13/01/28 17:18:23 ERROR security.UserGroupInformation: PriviledgedActionException as:brandon (auth:SIMPLE) cause:java.io.FileNotFoundException: File does not exist: /user/hive/warehouse/my_table/day=2012-10-29 00%3A00%3A00 at org.apache.hadoop.hdfs.server.namenode.FSNamesystem.getBlockLocationsUpdateTimes(FSNamesystem.java:1239) at org.apache.hadoop.hdfs.server.namenode.FSNamesystem.getBlockLocationsInt(FSNamesystem.java:1192) at org.apache.hadoop.hdfs.server.namenode.FSNamesystem.getBlockLocations(FSNamesystem.java:1165) at org.apache.hadoop.hdfs.server.namenode.FSNamesystem.getBlockLocations(FSNamesystem.java:1147) at org.apache.hadoop.hdfs.server.namenode.NameNodeRpcServer.getBlockLocations(NameNodeRpcServer.java:383) at org.apache.hadoop.hdfs.protocolPB.ClientNamenodeProtocolServerSideTranslatorPB.getBlockLocations(ClientNamenodeProtocolServerSideTranslatorPB.java:170) at org.apache.hadoop.hdfs.protocol.proto.ClientNamenodeProtocolProtos$ClientNamenodeProtocol$2.callBlockingMethod(ClientNamenodeProtocolProtos.java:44064) at org.apache.hadoop.ipc.ProtobufRpcEngine$Server$ProtoBufRpcInvoker.call(ProtobufRpcEngine.java:453) at org.apache.hadoop.ipc.RPC$Server.call(RPC.java:898) at org.apache.hadoop.ipc.Server$Handler$1.run(Server.java:1693) at org.apache.hadoop.ipc.Server$Handler$1.run(Server.java:1689) at java.security.AccessController.doPrivileged(Native Method) at javax.security.auth.Subject.doAs(Subject.java:396) at org.apache.hadoop.security.UserGroupInformation.doAs(UserGroupInformation.java:1332) at org.apache.hadoop.ipc.Server$Handler.run(Server.java:1687)
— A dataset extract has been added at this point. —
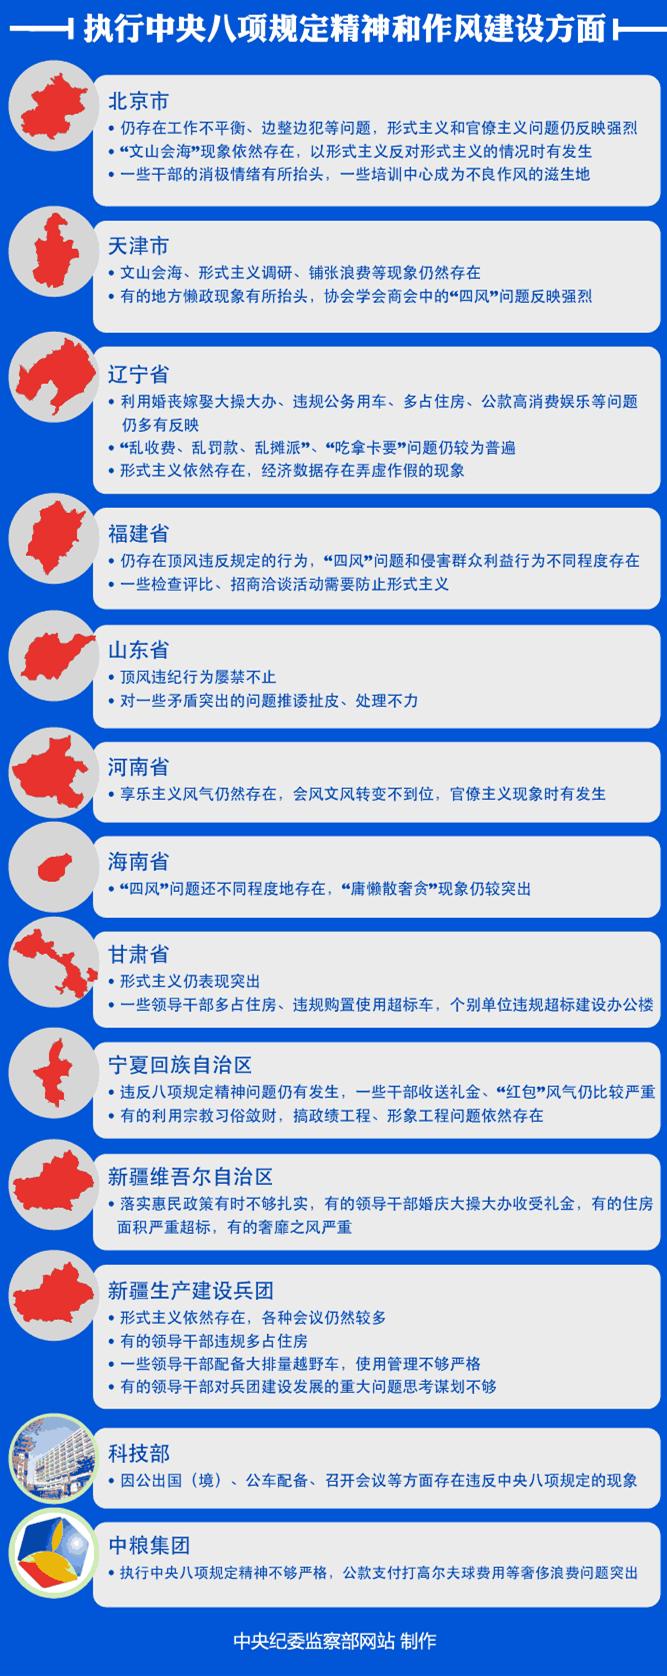 图解2014年中央巡视组首轮巡视反馈情况 - 感悟人生wu - 感悟人生wu

If you do fs -ls /user/hive/warehouse/my_table/day=2013-01-28 00%3A00%3A00 ls: /user/hive/warehouse/my_table/day=2013-01-28': No such file or directory ls:00%3A00%3A00': No such file or directory

It works if you add quotes: brandon@prod-namenode-new:~$ fs -ls /user/hive/warehouse/my_table/day="2013-01-28 00%3A00%3A00" Found 114 items -rw-r--r-- 2 brandon supergroup 4845 2013-01-28 16:30 /user/hive/warehouse/my_table/day=2013-01-28%2000%253A00%253A00/000000_0 ...

3
Can you share entire Sqoop command that you're using?Jarek Jarcec Cecho

3 Answers

1
votes

You can try as "/user/hive/warehouse/my_table/day=2013-01-28*".

0
votes

So what you can do is:

Select all the data from hive and write it to a directory in HDFS

(using INSERT OVERWRITE DIRECTORY '..path..' select a.column_1, a.column_n FROM table a) ,

and in the sqoop command specify the directory location using --export-dir ..dir..

Hope this will help.

0
votes

Filenames with colon(:) are not supported as HDFS path as mention in these jira .But will work by converting it into Hex.But when sqoop is trying to read that path again it is converting it to colon(:) hence it cant able to find that path.I suggest to remove time part from your directory name and try again.Hope this answer your question.